**Work to complete:** Below are the entries. Print only the lines starting at the one with "yellow aesthetic computer wallpaper" and ending at the one with "Soreyuke Sakaki Minori-chan! 0", exactly, with no pictures.

**Data under study:**
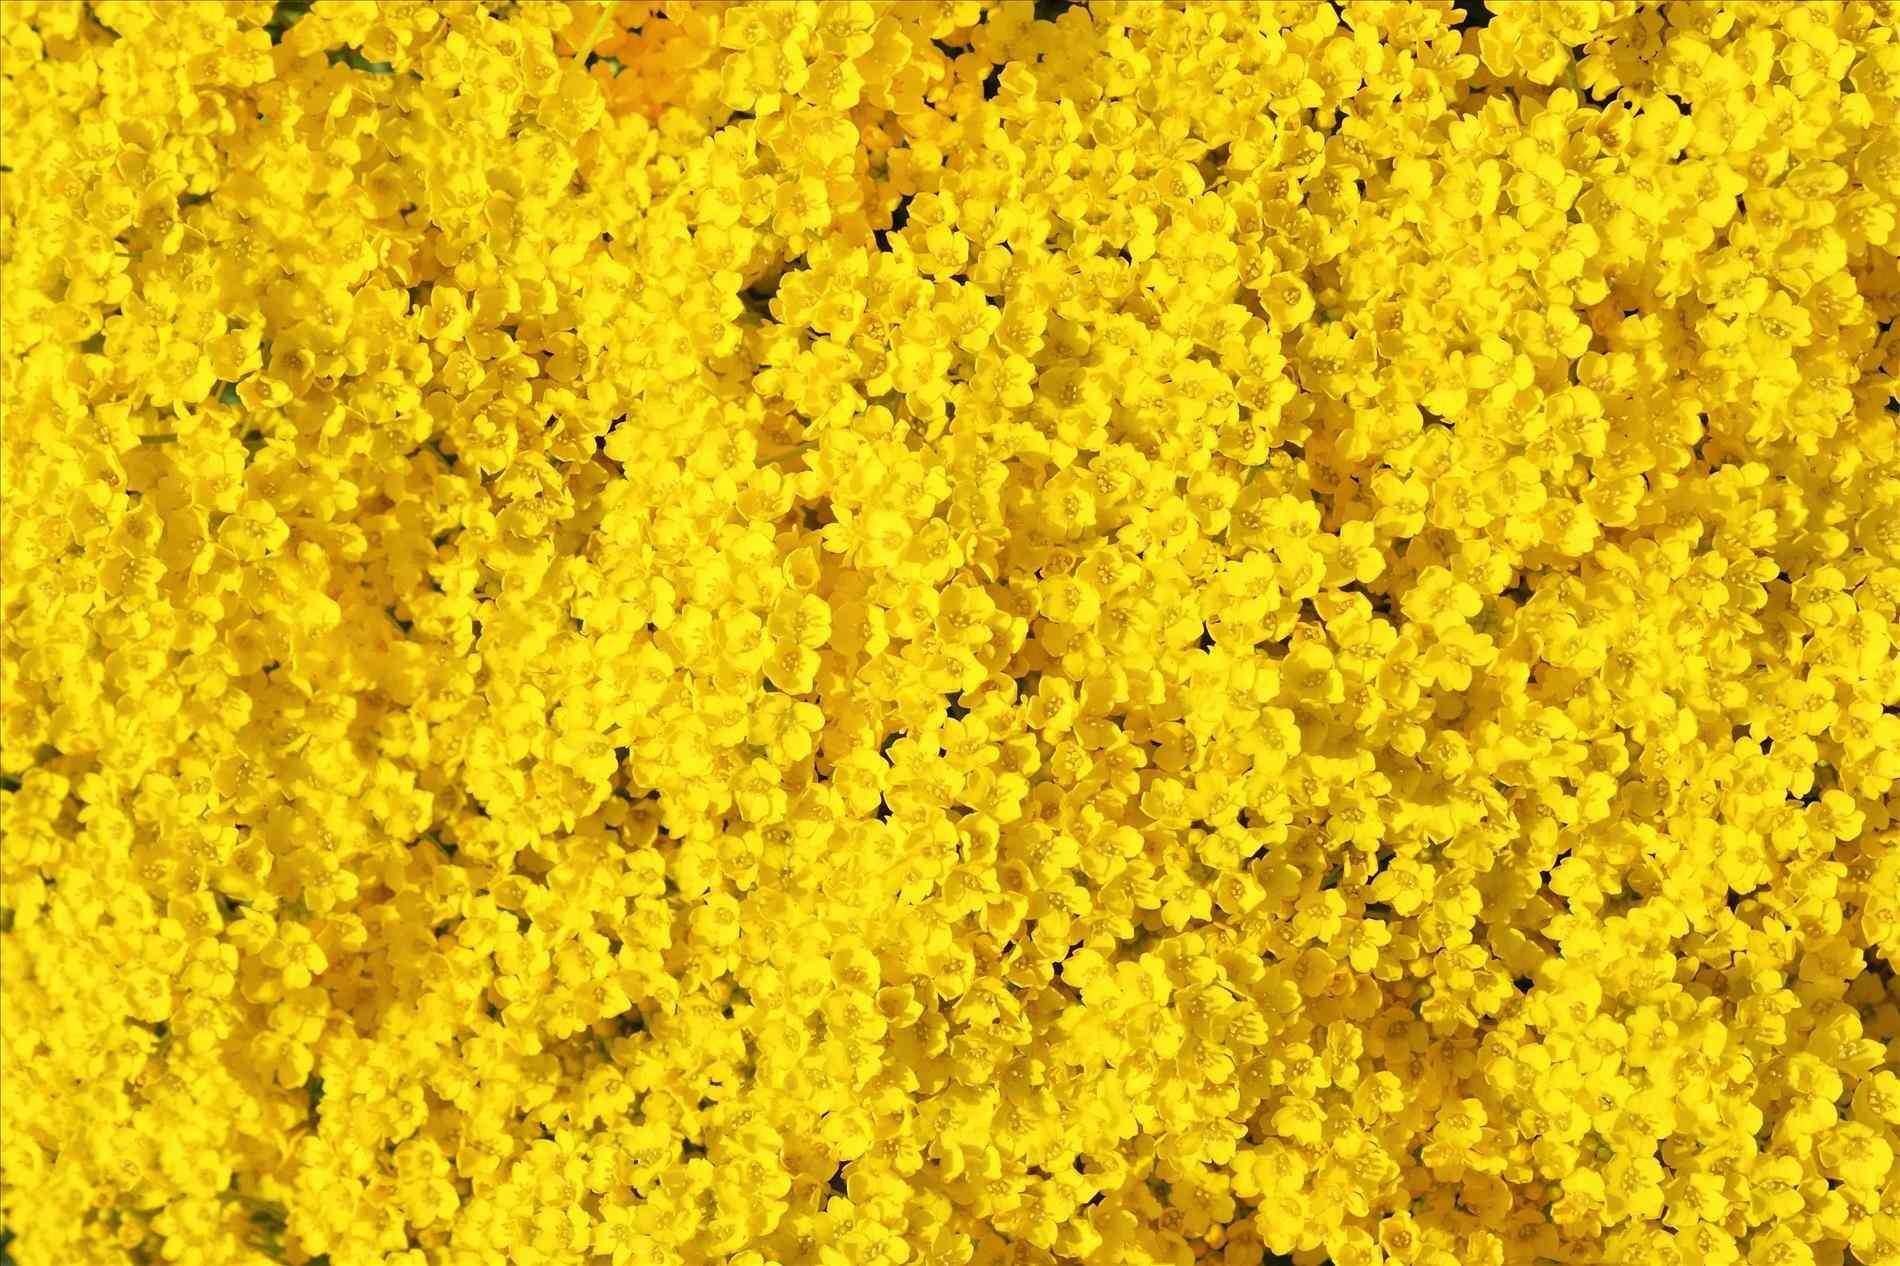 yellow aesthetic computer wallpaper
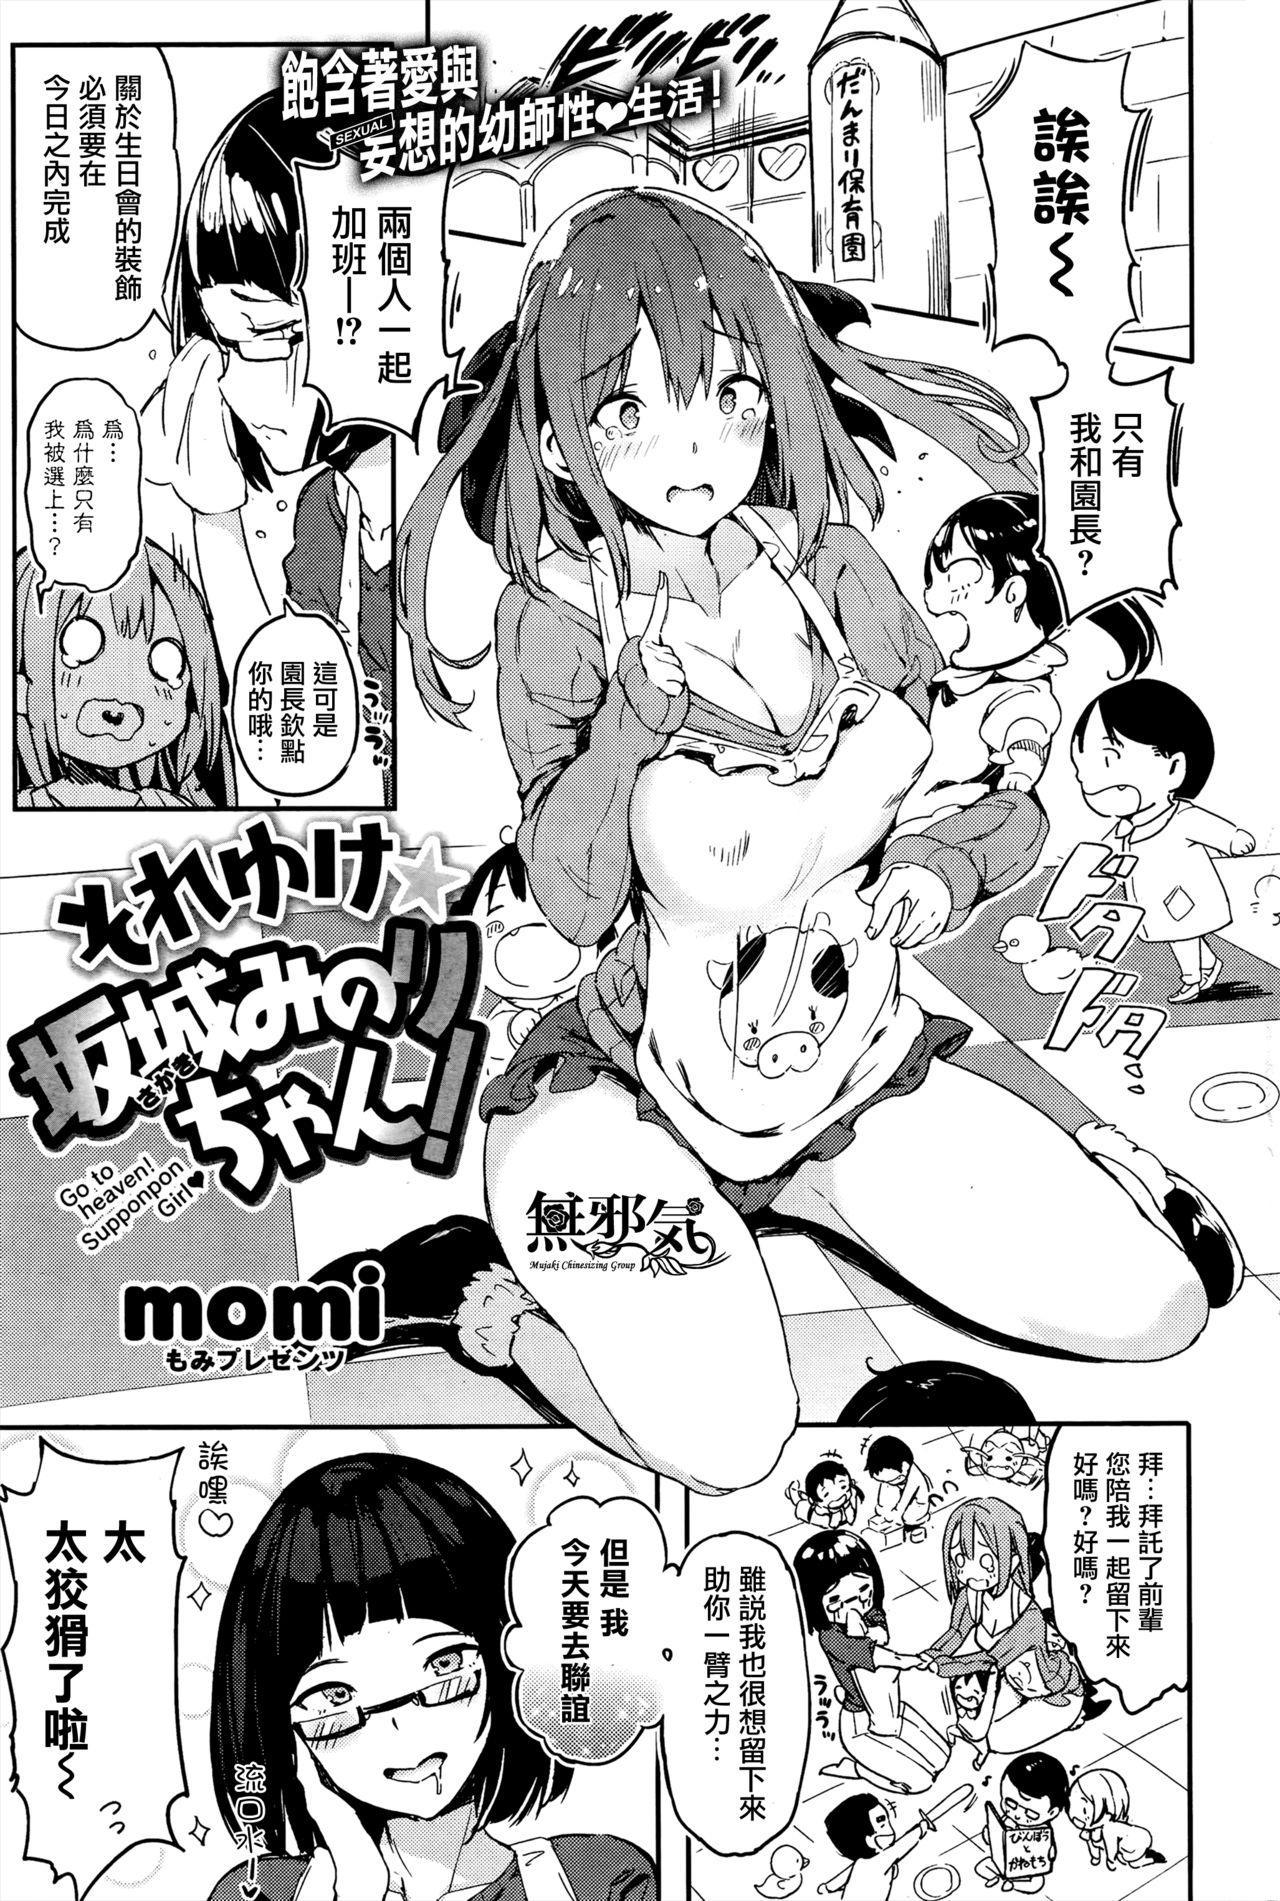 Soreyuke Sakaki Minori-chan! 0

---

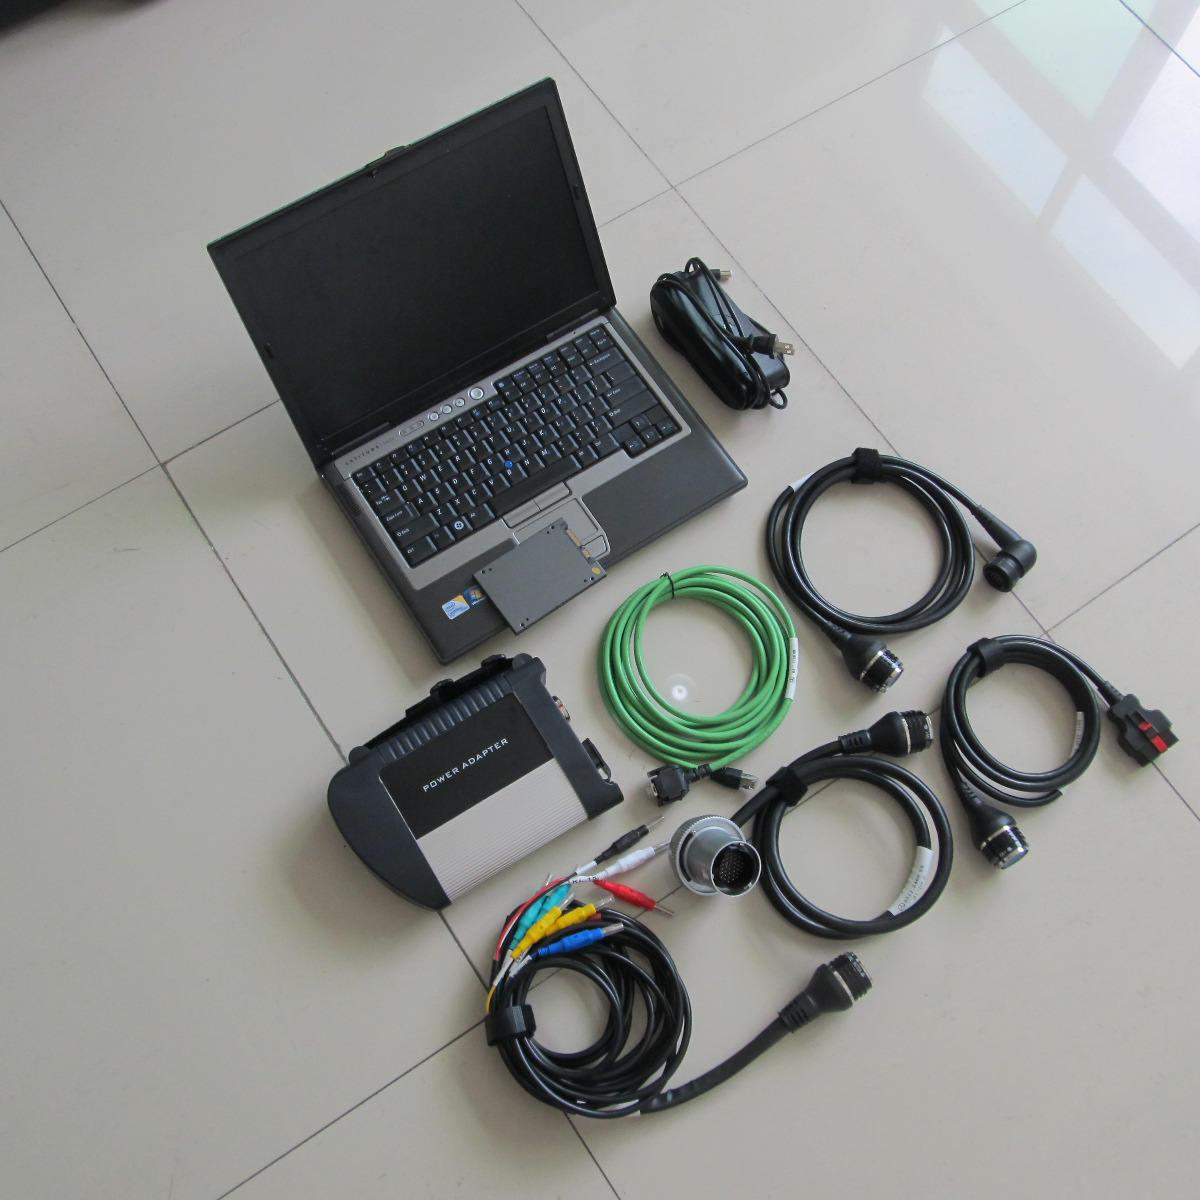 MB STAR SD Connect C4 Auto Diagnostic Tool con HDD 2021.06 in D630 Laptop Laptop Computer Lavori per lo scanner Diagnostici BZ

...

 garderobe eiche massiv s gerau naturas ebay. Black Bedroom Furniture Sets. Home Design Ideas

**Solution:**
 yellow aesthetic computer wallpaper
 Soreyuke Sakaki Minori-chan! 0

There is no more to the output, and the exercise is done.